This article is part of the Multiple Imputation in Stata series. For a list of topics covered by this series, see the Introduction.
In most cases, the hard work of using multiple imputation comes in the imputation process. Once the imputations are created and checked, Stata makes estimation using the imputed data relatively easy.
mi estimate
The main command for running estimations on imputed data is mi estimate. It is a prefix command, like svy or by, meaning that it goes in front of whatever estimation command you're running.

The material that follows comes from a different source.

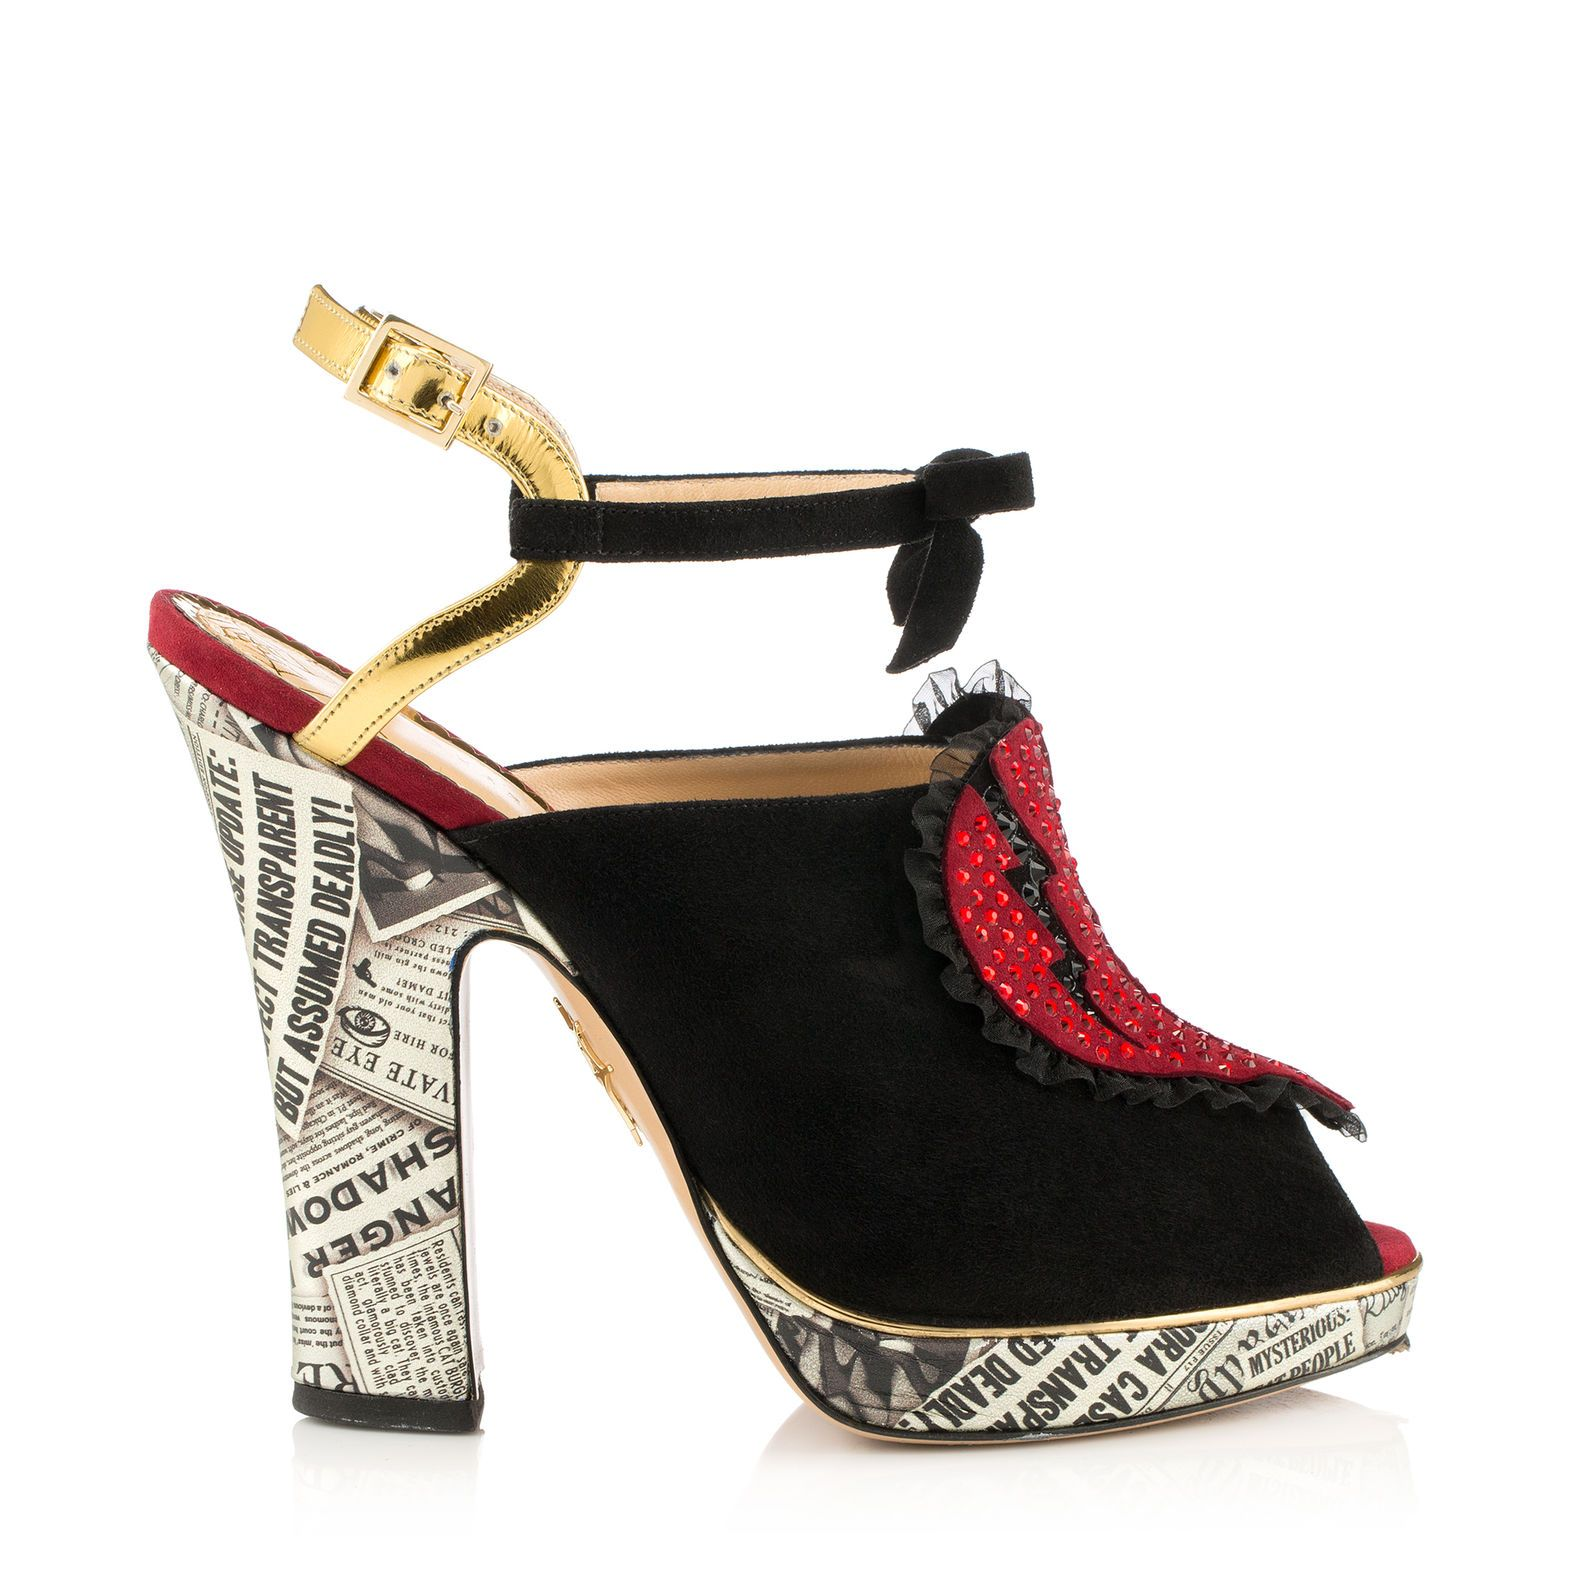 37b9db1e63 Break hearts this season in the Charlotte Olympia Killer Heels. This new  platform sandal in

The mi estimate command first runs the estimation command on each imputation separately. It then combines the results using Rubin's rules and displays the output. Because the output is created by mi estimate, options that affect output, such as or to display odds ratios, must be applied to mi estimate rather than the estimation command. Thus:
mi estimate, or: logit y x
not:
mi estimate: logit y x, or
mi estimate has a list of estimation commands for which it knows Rubin's rules are appropriate. If a command is not on that list, you can tell mi estimate to apply them anyway with the cmdok ("command ok") option. However, it is your responsibility to ensure that the results will be valid.
Subsamples Based on Imputed Variables
Consider a regression like:
mi estimate: reg wage edu exp if race==1
If race is an imputed variable, then some observations will likely have a one for race in some imputations and not others. Thus the subsample to be used will vary between imputations, and mi estimate will give you an error message.
You have two options at this point. One is to simply tell mi estimate to ignore the problem with the esampvaryok option. The Stata documentation says this may result in "may result in biased or inefficient estimates" but we don't have any guidance at this time as to the seriousness of the problem.
mi estimate, esampvaryok: reg wage edu exp if race==1
The other is to not use observations that have imputed values of the variables used to select the subsample. Hopefully you created indicator variables telling you which observations are missing which variables in the process of determining whether your data are MCAR, MCAR or MNAR with:
misstable sum, gen(miss_)
If so, you can use those variables as part of your subsample selection:
mi estimate: reg wage edu exp if race==1 & !miss_race
Of course this raises the same issues as complete cases analysis, though the effects will likely be smaller.
Dropping Variables
More rarely, you could run into problems with different imputations using different sets of variables. In our experience that's been the result of perfect prediction in some imputations and not others, which suggests problems with the model being run (such as too many categorical covariates for the number of observations available). But it can also arise from the estimation command choosing different base categories. In that case specifying the base category should fix the problem.
Postestimation
Postestimation with imputed data must be done with caution. Rubin's rules require certain assumptions to be valid, notably asymptotic normality, and if a quantity does not meet those assumptions then Rubin's rules cannot provide a valid estimate of it. Fortunately, regression coefficients do meet those assumptions. Some quantities can be estimated if they are transformed to make them approximately normal, such as R-squared values. Others simply cannot, such as likelihood ratio test statistics. See White, Royston, and Wood for a list of quantities that can and cannot be combined using Rubin's Rules.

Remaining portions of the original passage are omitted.